> [WORK ORDER] Print out the data below in full and exactly, skipping the pictures.

[[ DATA PROVIDED open ]]

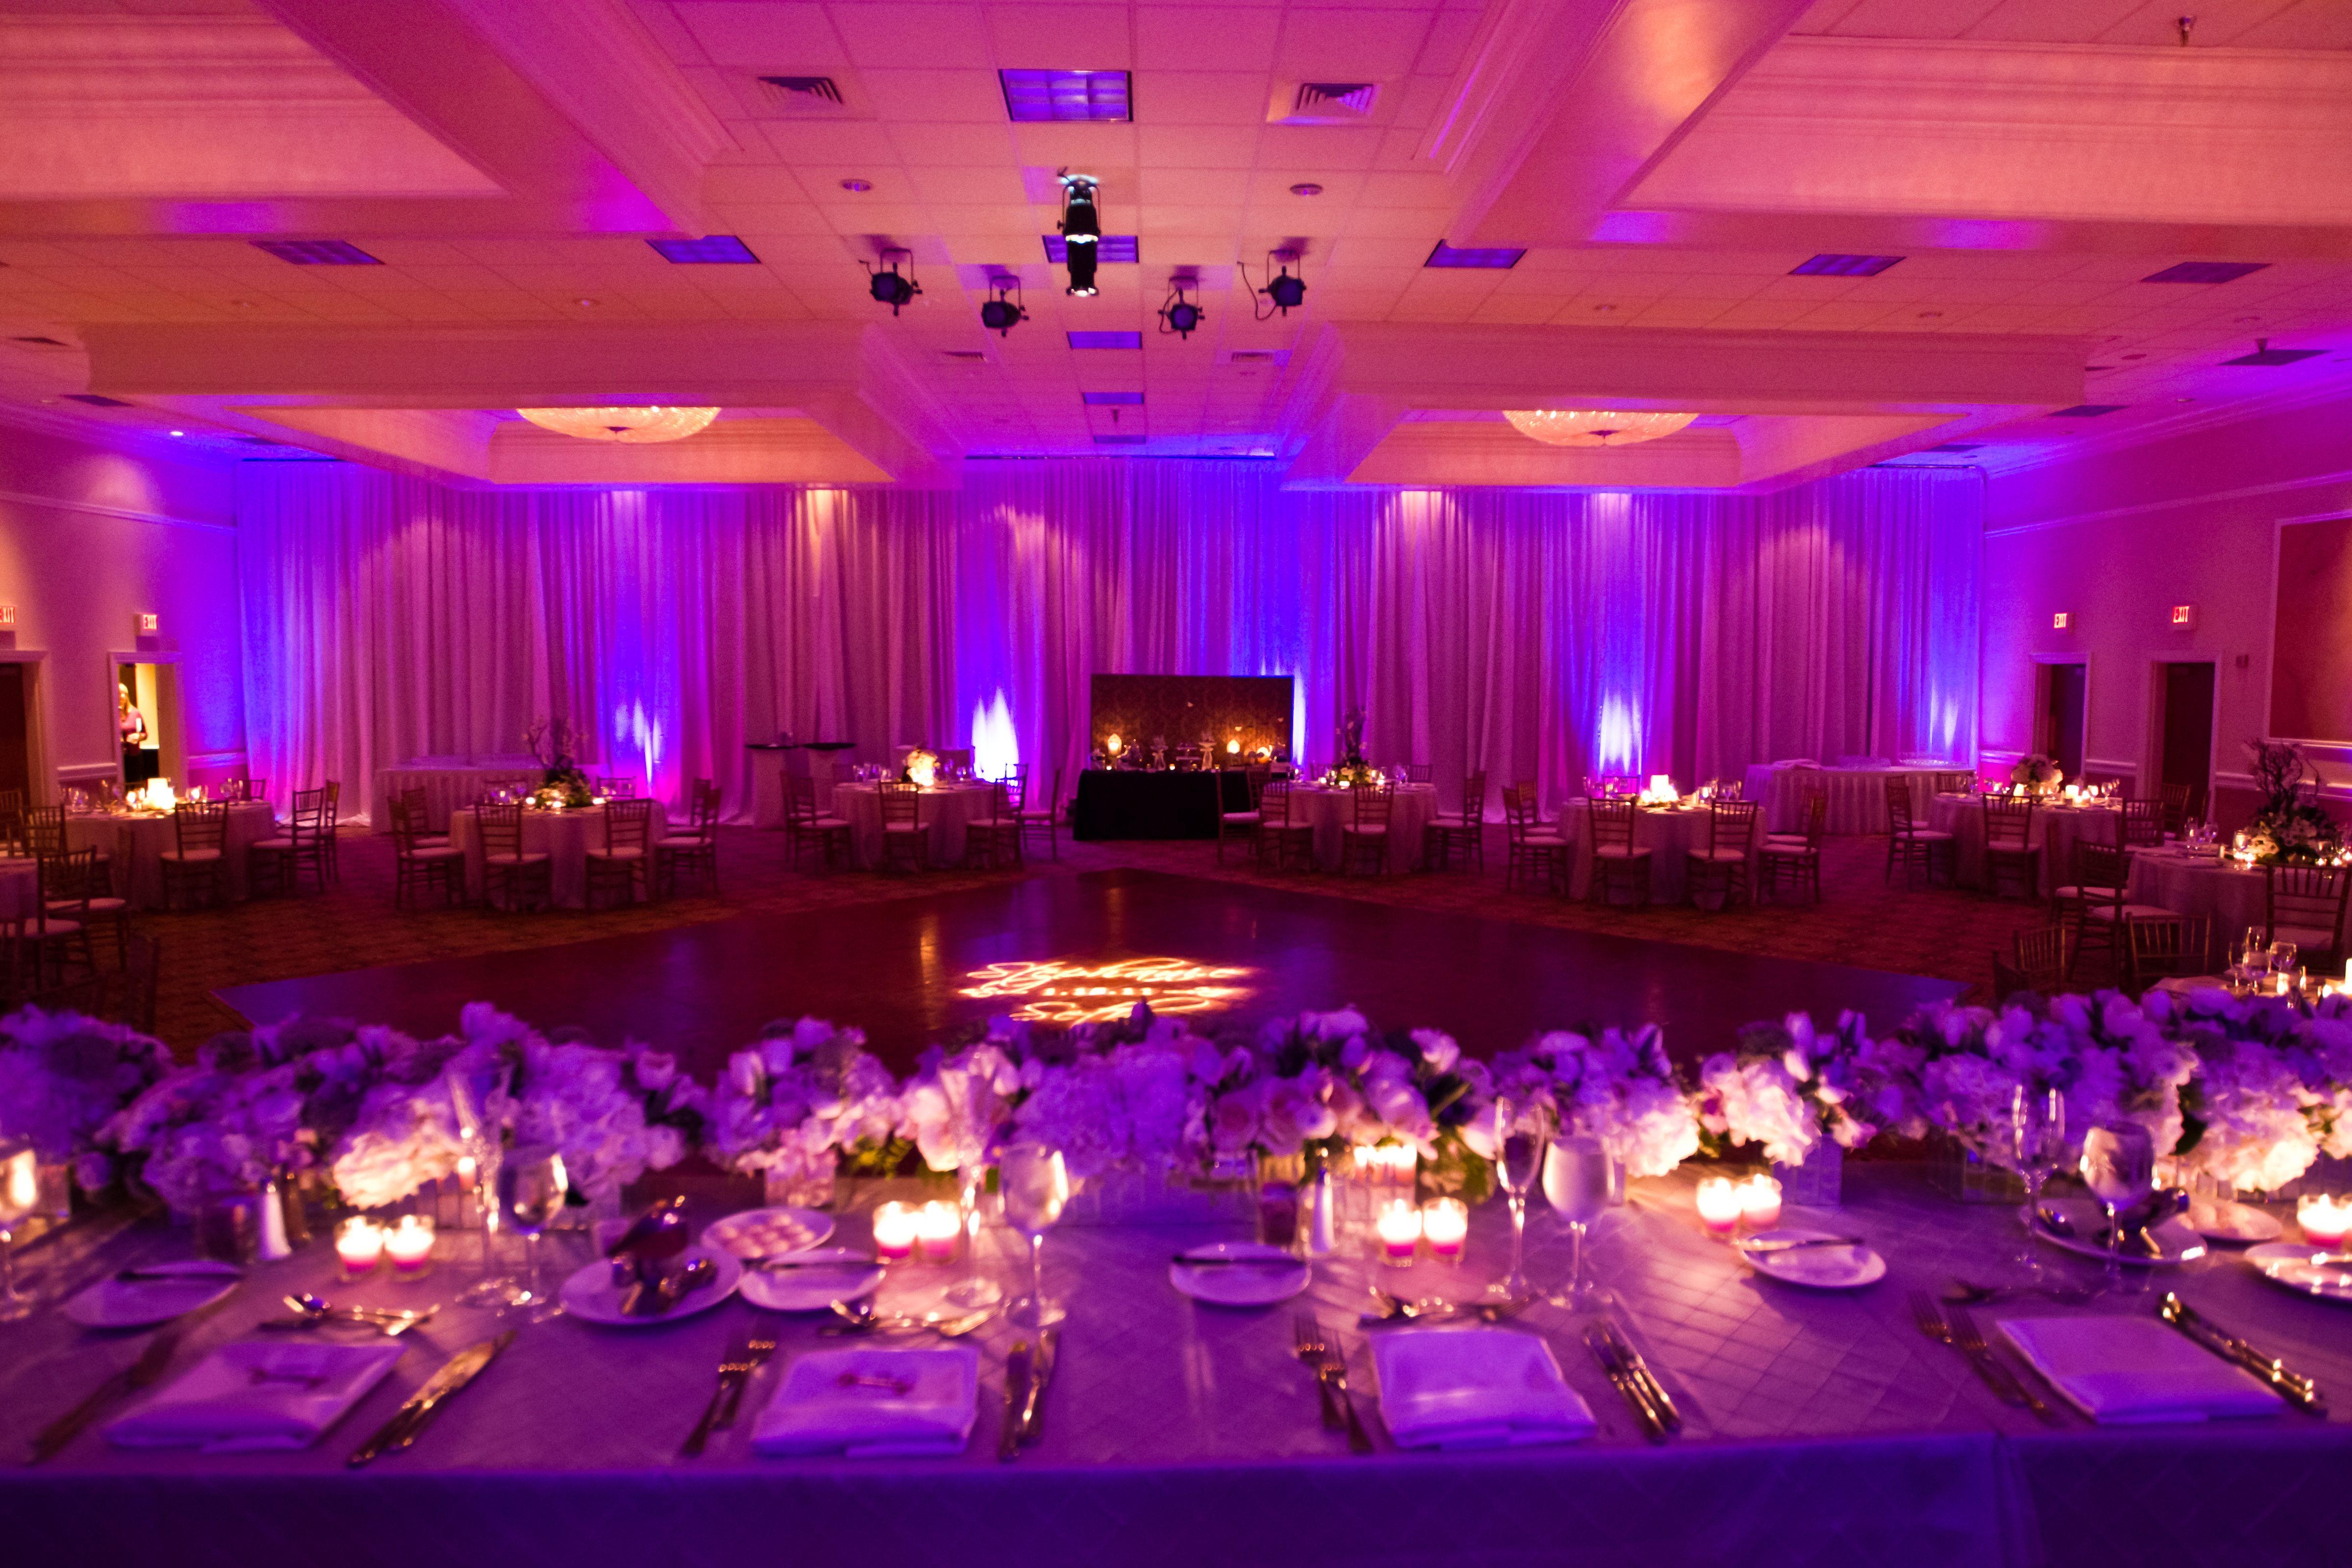 Wedding decorations for hall  burkle events wedding planner  purple wedding reception decor photo
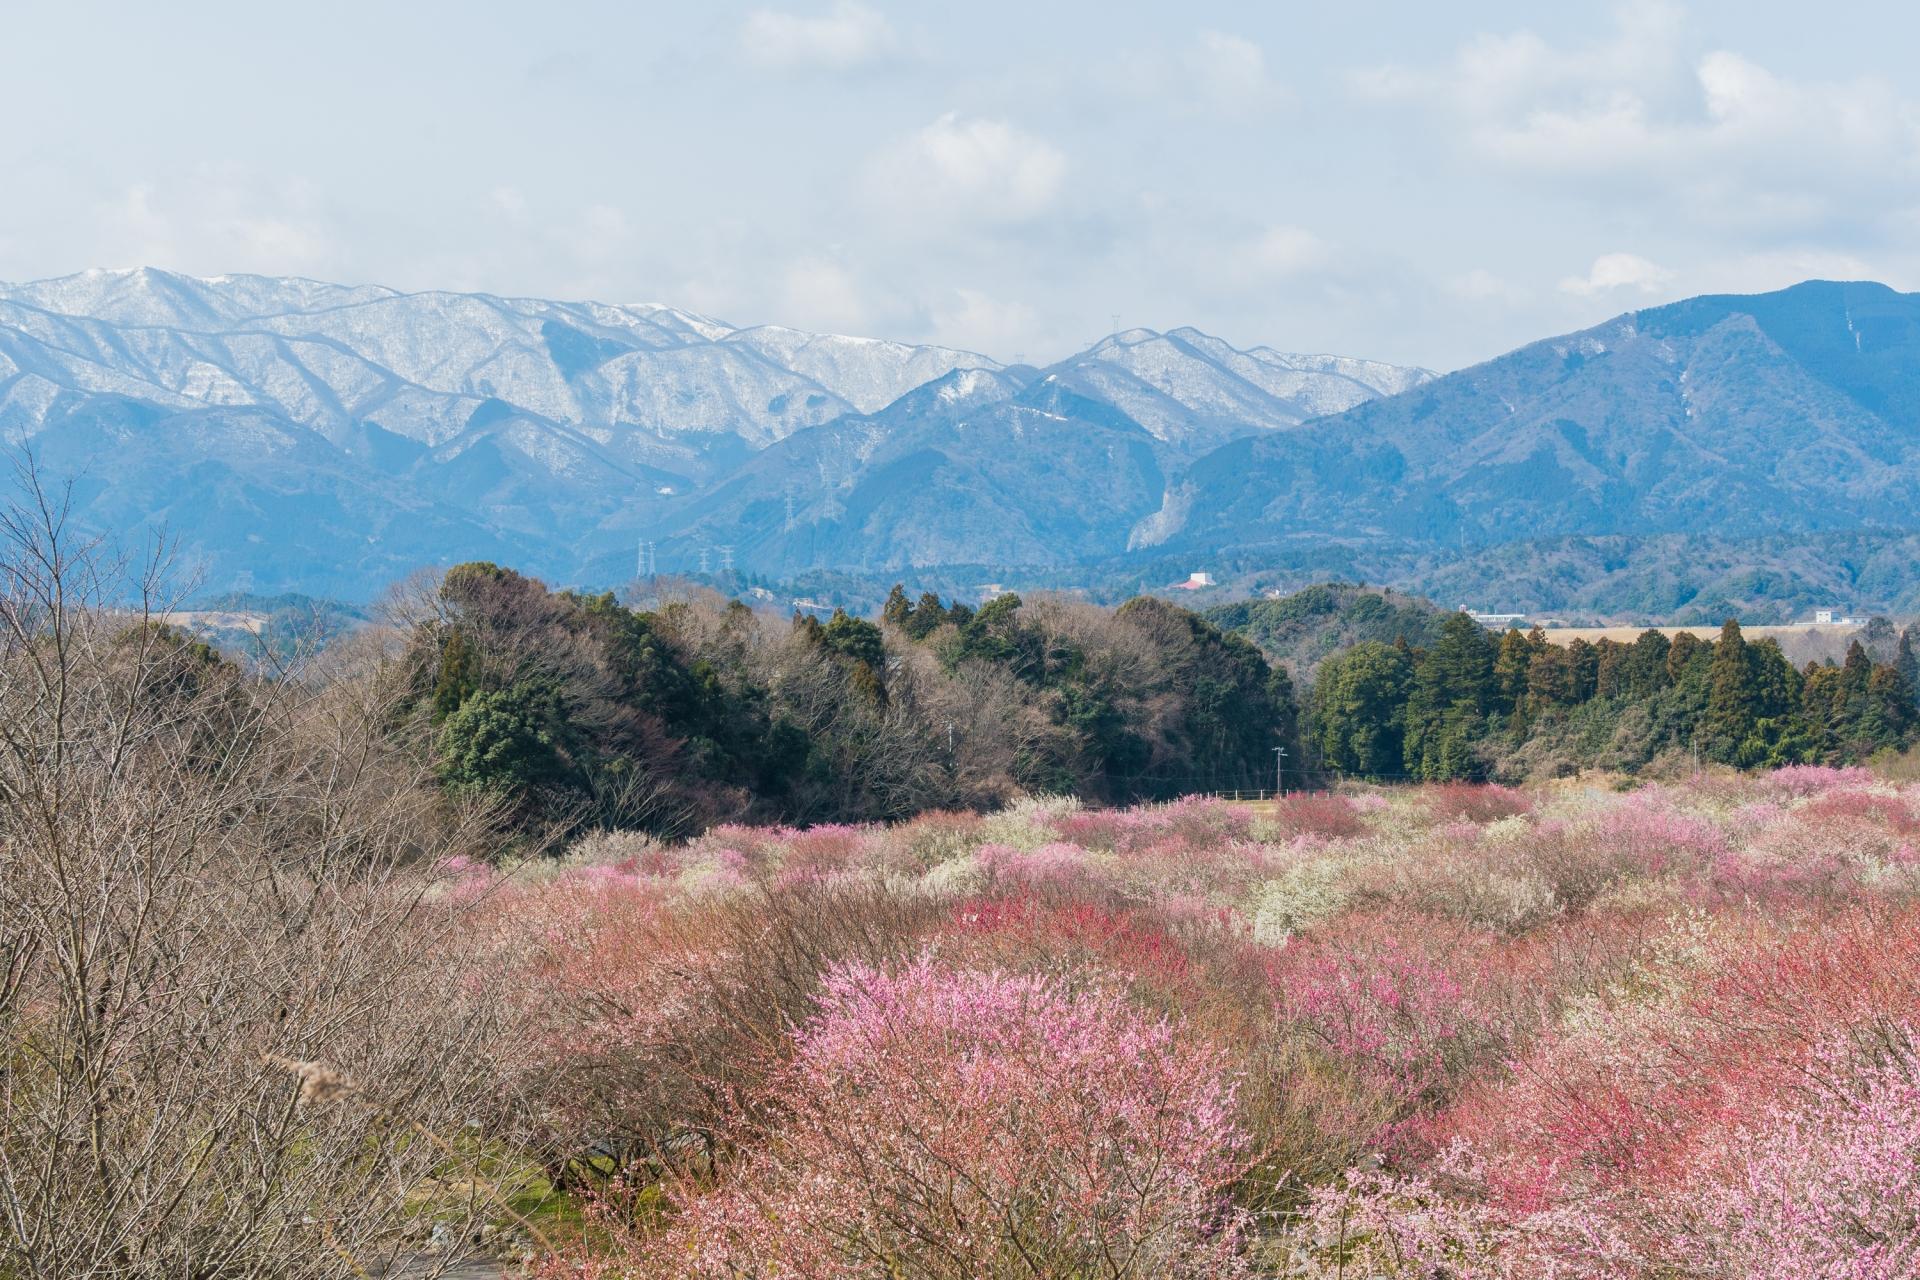 1482738_m 三重県 いなべ市農業公園 梅林園(まるで桃源郷のような景色が見れる絶景の梅林写真スポット。 写真の紹介、アクセス情報や交通手段・駐車場情報などまとめ)
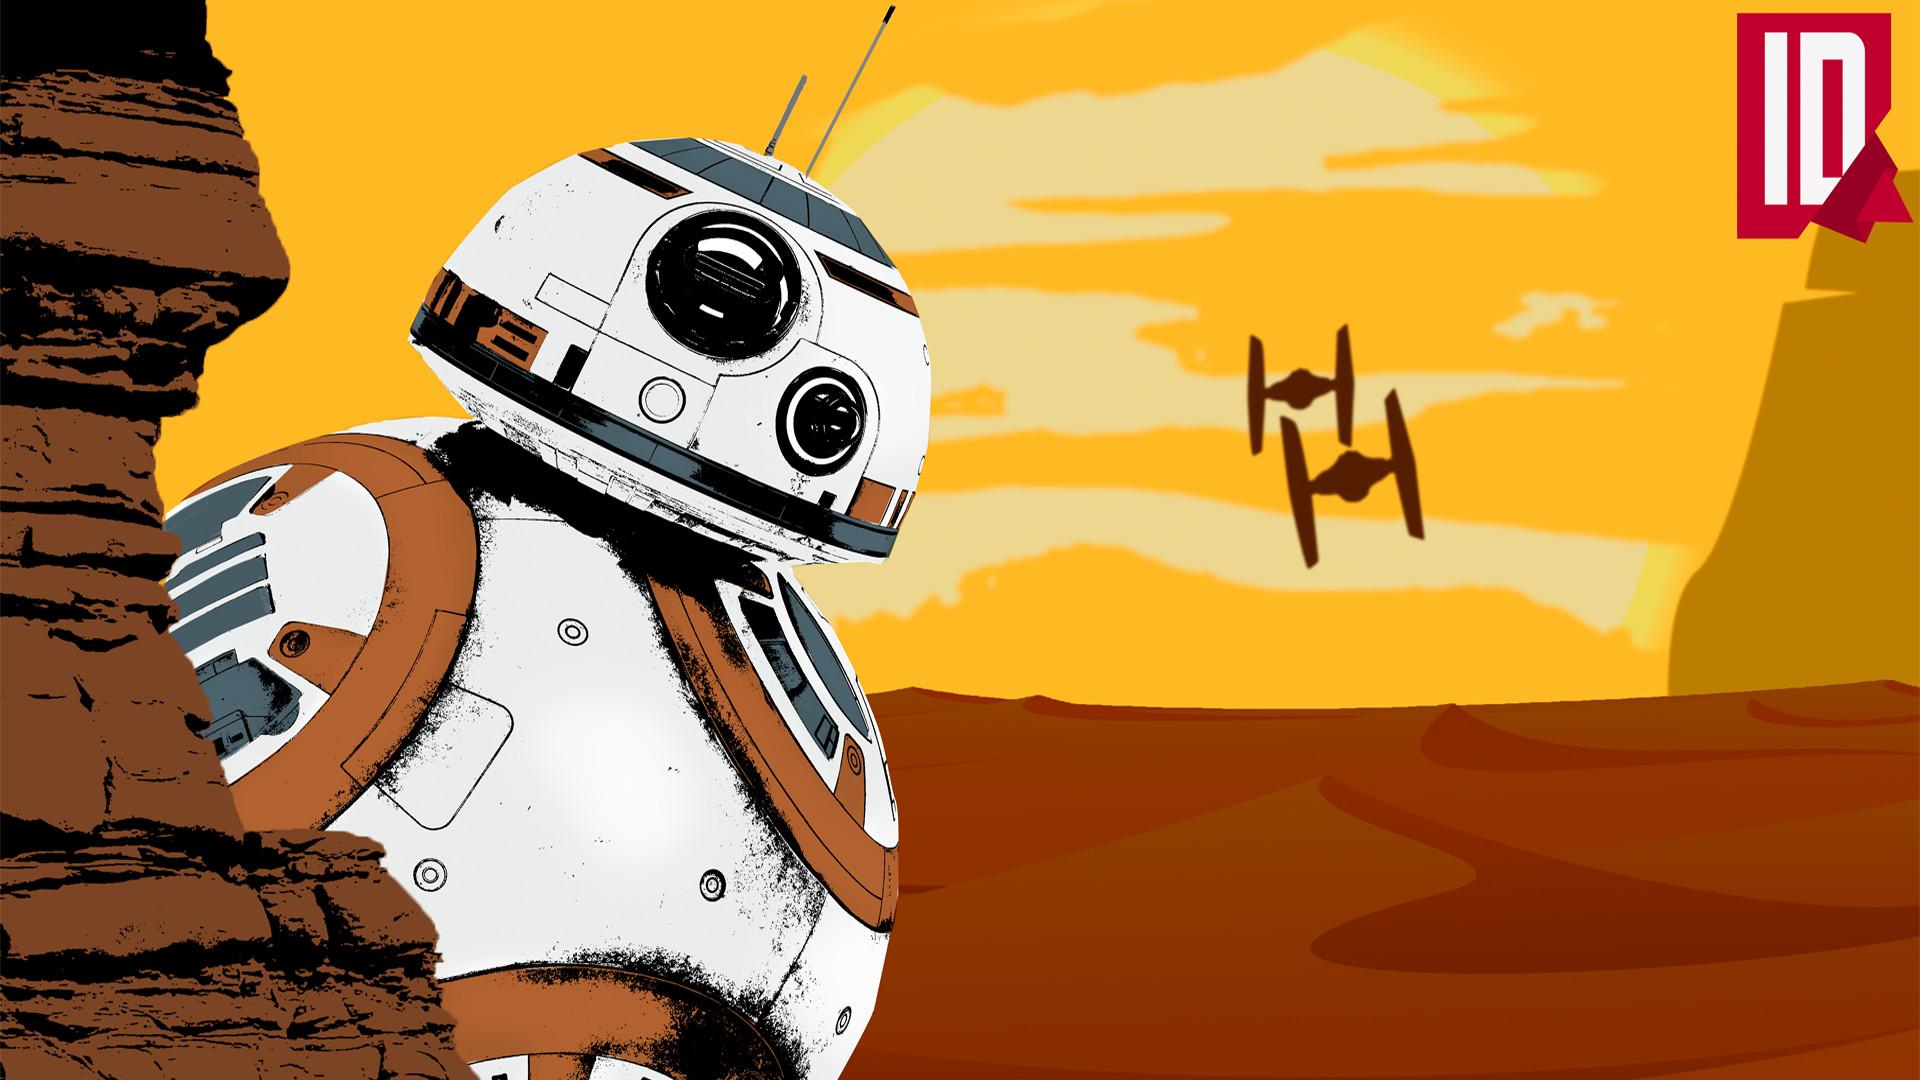 … IndividualDesign Star Wars BB-8 – Wallpaper by IndividualDesign

[[ DATA PROVIDED closed ]]

> [RESPONSE]
 Wedding decorations for hall  burkle events wedding planner  purple wedding reception decor photo
 1482738_m 三重県 いなべ市農業公園 梅林園(まるで桃源郷のような景色が見れる絶景の梅林写真スポット。 写真の紹介、アクセス情報や交通手段・駐車場情報などまとめ)
 … IndividualDesign Star Wars BB-8 – Wallpaper by IndividualDesign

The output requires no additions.